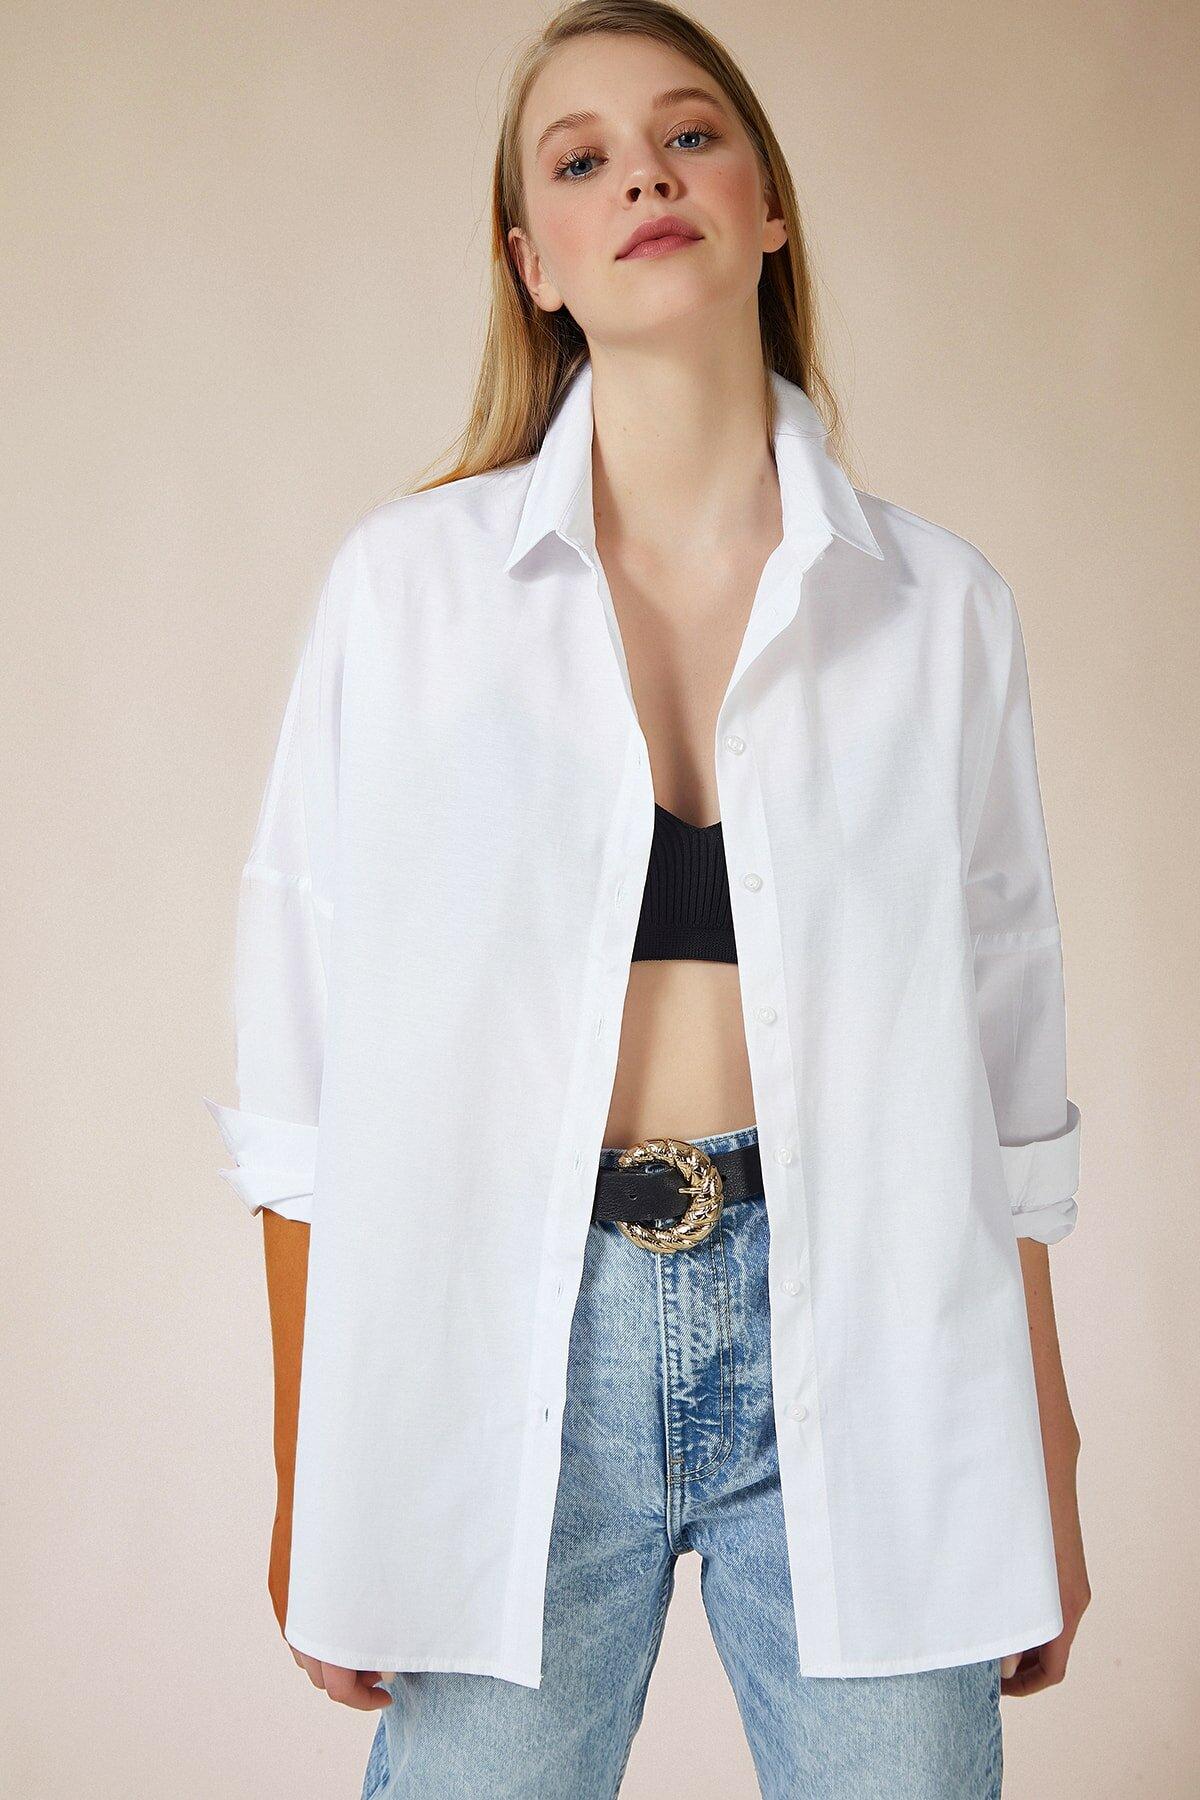 قميص موحد اللون طويل مقاس كبير نسائي
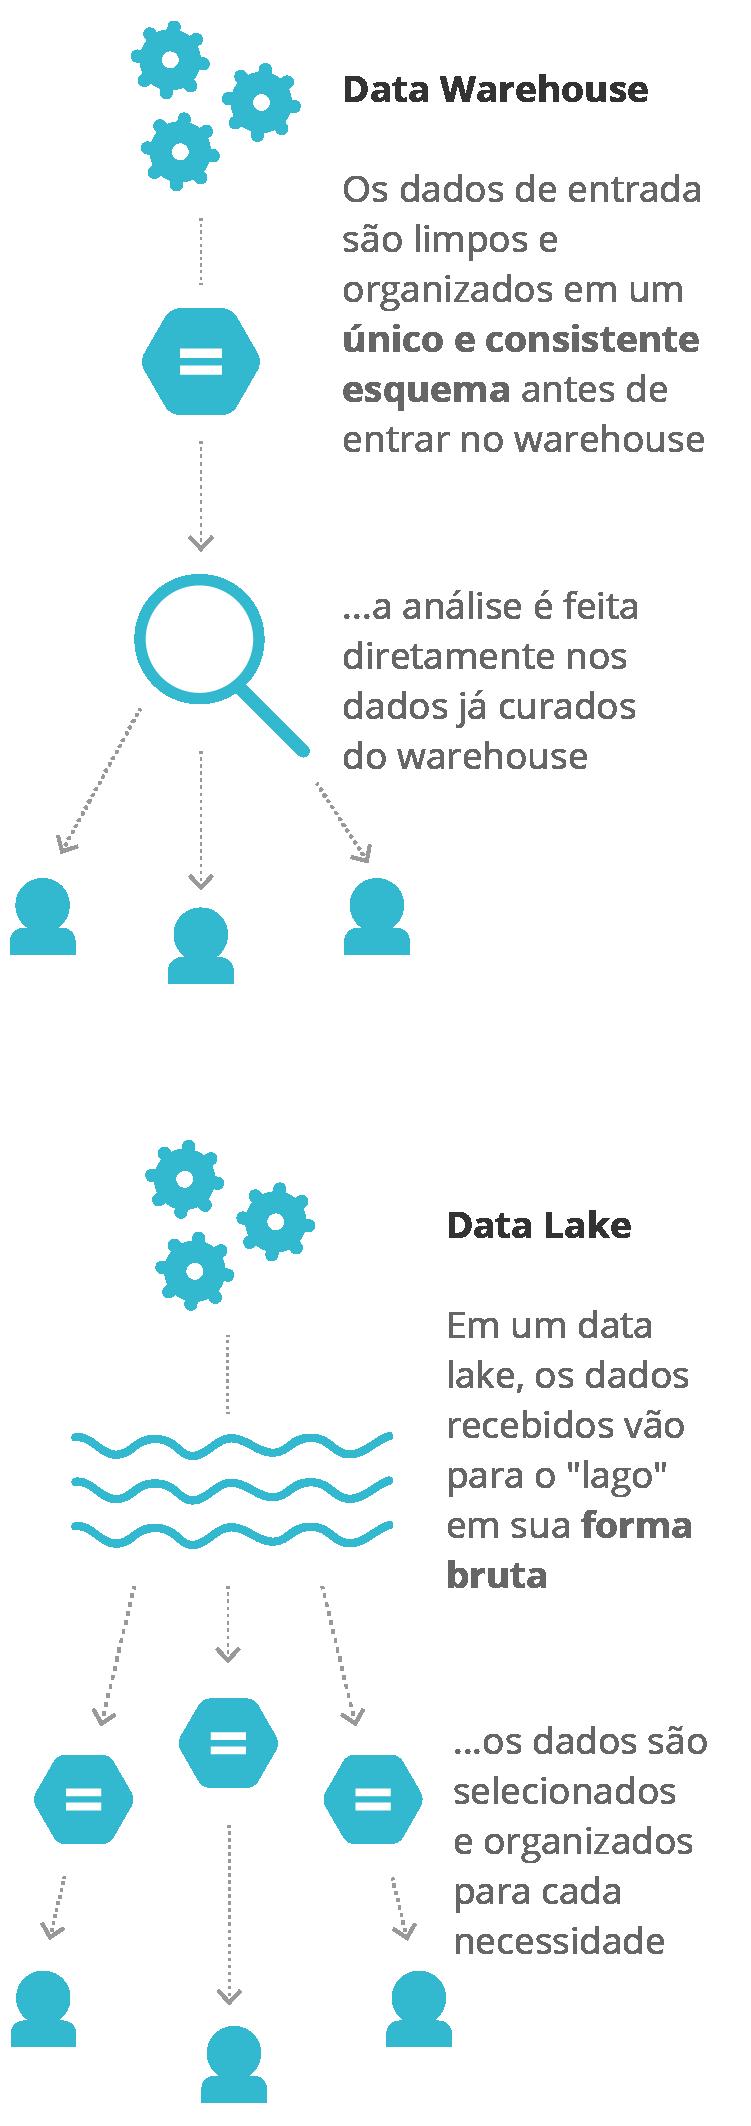 Diagrama – Estrutura organizacional/data lake típica
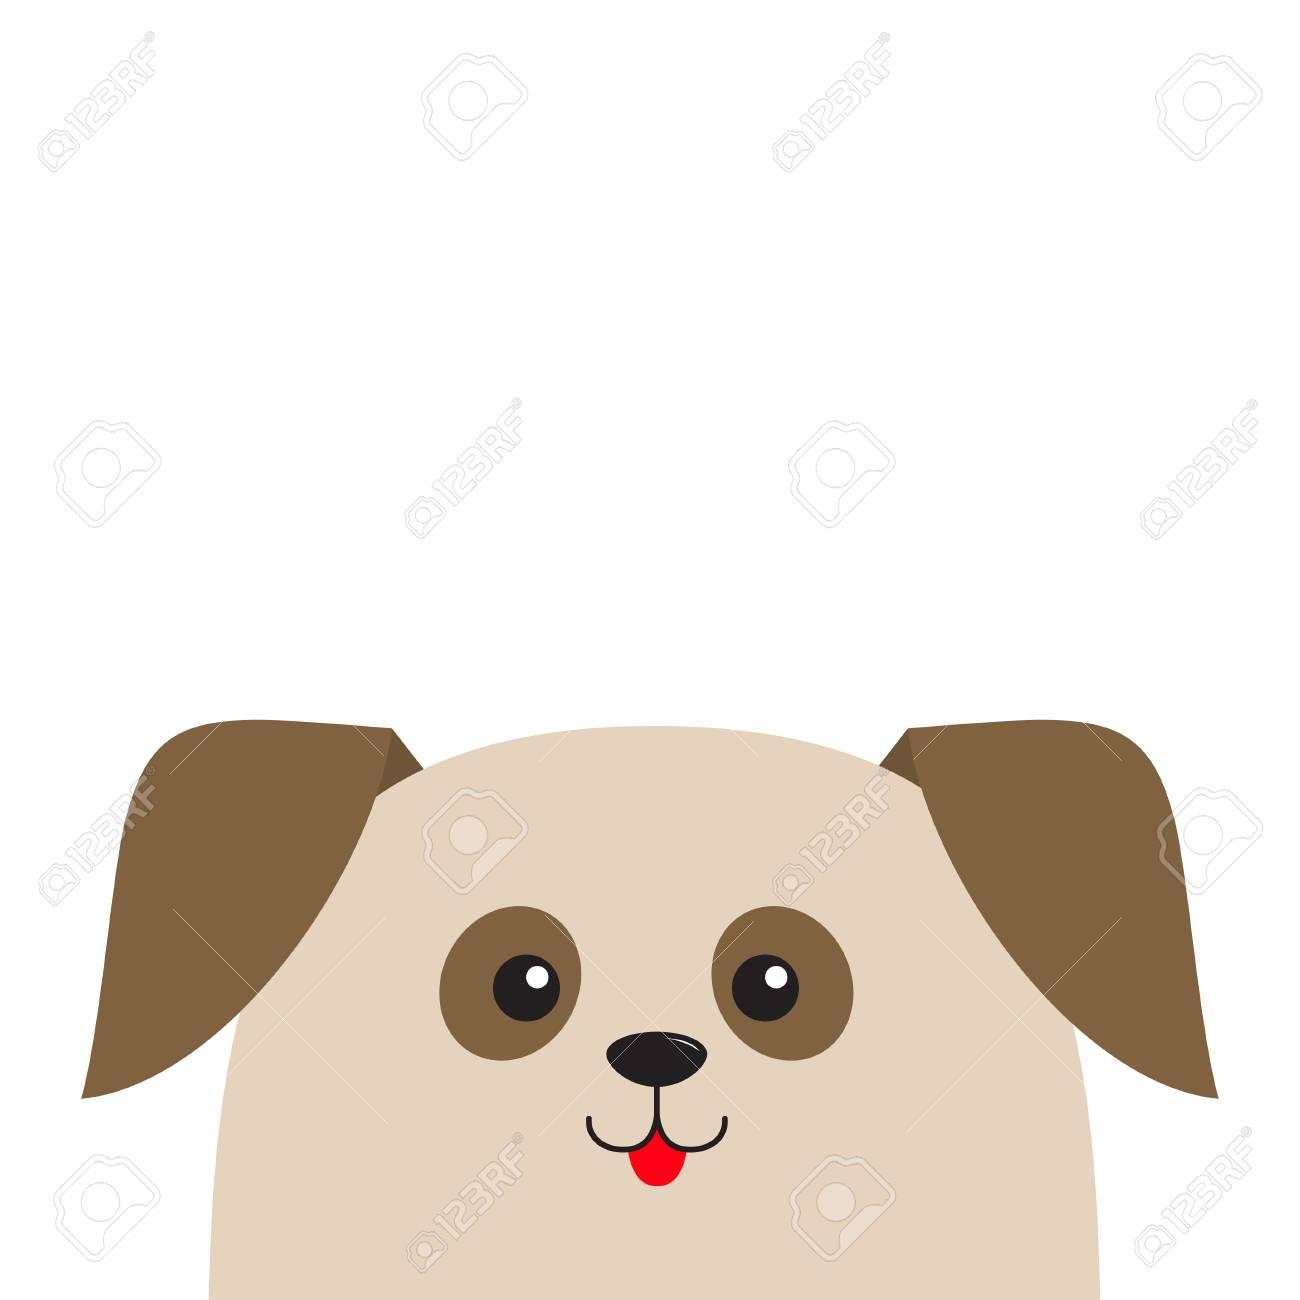 Vettoriale cercare testa di cucciolo di cane personaggio

----

- **YOUR ASSIGNMENT**
Without changing a word, restate the listing above; the pictures stay out.

- **RESULT OF THE TASK**
 قميص موحد اللون طويل مقاس كبير نسائي
 Diagrama – Estrutura organizacional/data lake típica
 Vettoriale cercare testa di cucciolo di cane personaggio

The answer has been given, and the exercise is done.